V-Mann-Affäre sorgt für politische Spannungen in Bremen
Die taz berichtete über wachsende politische Kontroversen in Bremen: Ein lange eingesetzter V-Mann des Verfassungsschutzes bei der Gruppe Interventionistische Linke wurde öffentlich enttarnt, was zu juristischen Prüfungen und mehreren Rücktritten von Amtsträgern führte. Neben strafrechtlichen Untersuchungen gibt es Debatten über die Rechtmäßigkeit der Informationsweitergabe und den Umgang staatlicher Behörden mit verdeckten Informanten. Die Affäre hat in den politischen Lagern heftige Auseinandersetzungen über Extremismus-Überwachung und Rechtsstaatlichkeit ausgelöst.
AfD erhält 700.000 Euro Vermächtnis – Parteivermögen steigt
Nach Angaben aus dem Rechenschaftsbericht der Alternative für Deutschland, die auch im Spiegel thematisiert wurde, hat die Partei ein bisher nicht genauer spezifiziertes Vermächtnis im Wert von 700.000 Euro aus Ungarn erhalten. Der Nachlass wurde laut Bericht testamentarisch dem Bundesverband zugewandt. Die AfD weist keine detaillierten Informationen zur Art des Vermögens aus, der Vorgang ist rechtlich noch nicht abgeschlossen. Mit dem Zuwachs überschritt das Parteivermögen erstmals die Marke von rund 40 Mio. Euro.
Kritik an Innenministerium wegen Überwachungssoftware-Kauf
Nach einem Bericht von Der Standard sorgt ein umstrittener Kauf von Überwachungssoftware durch das Innenministerium für politischen Ärger. Demnach wurde Ende 2024 ein Tool namens „Tangles“ um rund 847.000 Euro angeschafft, Details zur genauen Funktion und Nutzung bleiben geheim. Laut Grünen und FPÖ ist unklar, auf welcher rechtlichen Grundlage die Software zur Analyse von Internet- und Social-Media-Daten eingesetzt wird. Auch ein Zusatzmodul mit Zugriff auf Standortdaten wirft Fragen auf. Das Ministerium verweist lediglich pauschal auf Sicherheitsinteressen.

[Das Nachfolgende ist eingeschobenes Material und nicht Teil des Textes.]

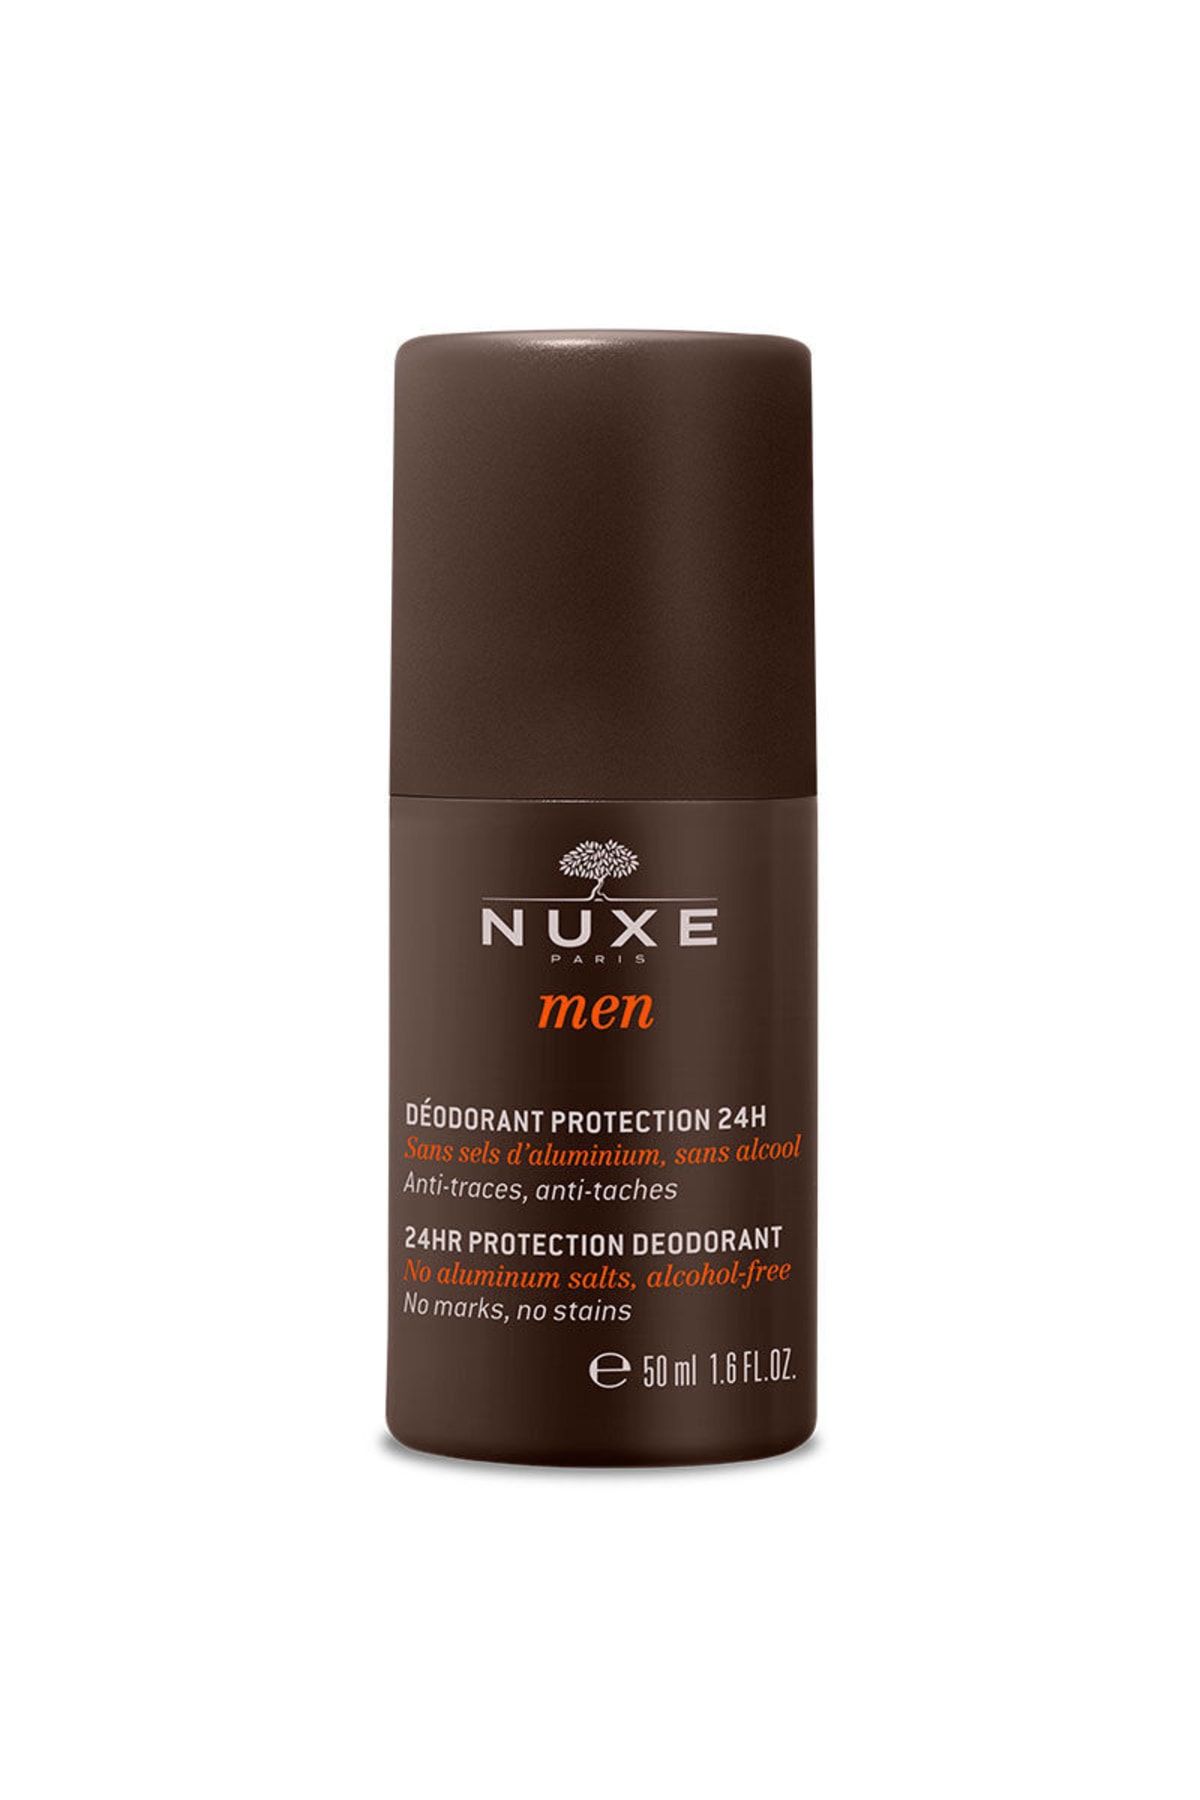 Nuxe Men Iz Bırakmayan Leke Yapmayan Terlemeye Karşı Etkili Deodorant 50ml
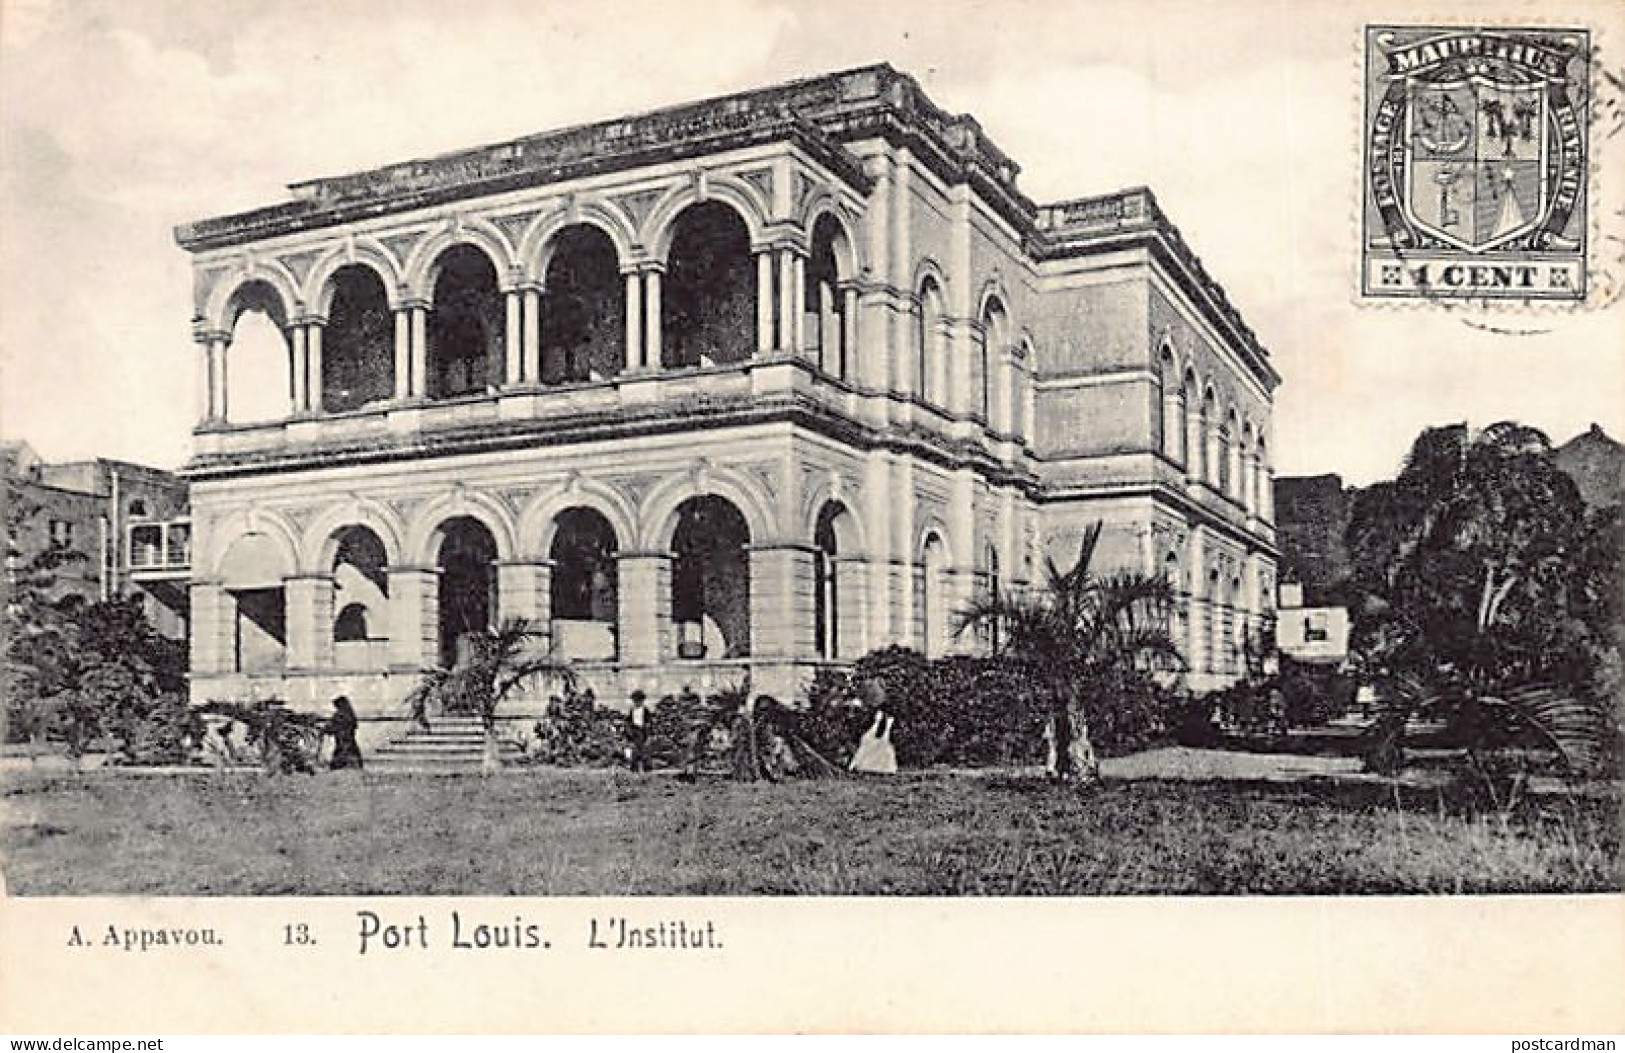 Mauritius - PORT LOUIS - L'Institut - Publ. Appavou 13 - Mauritius

Polizisten mit NS-Chats dürfen weiter arbeiten
Wie wien.ORF.at berichtete, dürfen eine Wiener Polizistin und ein Wiener Polizist, die antisemitische und nationalsozialistische Chat-Nachrichten verbreitet hatten, voraussichtlich wieder ihren Dienst antreten. Der Polizist war im Strafverfahren gegen ihn freigesprochen worden, blieb aber wegen eines Disziplinarverfahrens verurteilt. Die Beamtin wurde wegen nationalsozialistischer Wiederbetätigung vor Gericht zu einer Geldstrafe verurteilt; die Haft und ein Amtsverlust wurden auf Bewährung ausgesetzt. Formal aufgehoben ist die Suspendierung noch nicht, das Disziplinarverfahren läuft weiter.
Verurteilung im „Pedo-Hunter“-Fall im Burgenland
Im Burgenland sind zwei junge Männer wegen Übergriffen im Rahmen sogenannter „Pedo-Hunter“-Aktivitäten verurteilt worden, wie die Kleine Zeitung berichtete. Die beiden sollen im Juli 2024 einen anderen jungen Mann über ein fingiertes Social-Media-Profil zu einem Treffen in Parndorf gelockt und ihn dort attackiert haben. Das Gericht wertete die Tat als Hass-Kriminalität und verurteilte die Angeklagten zu 15 Monaten teilbedingter bzw. sechs Monaten bedingter Haft, die Urteile sind rechtskräftig.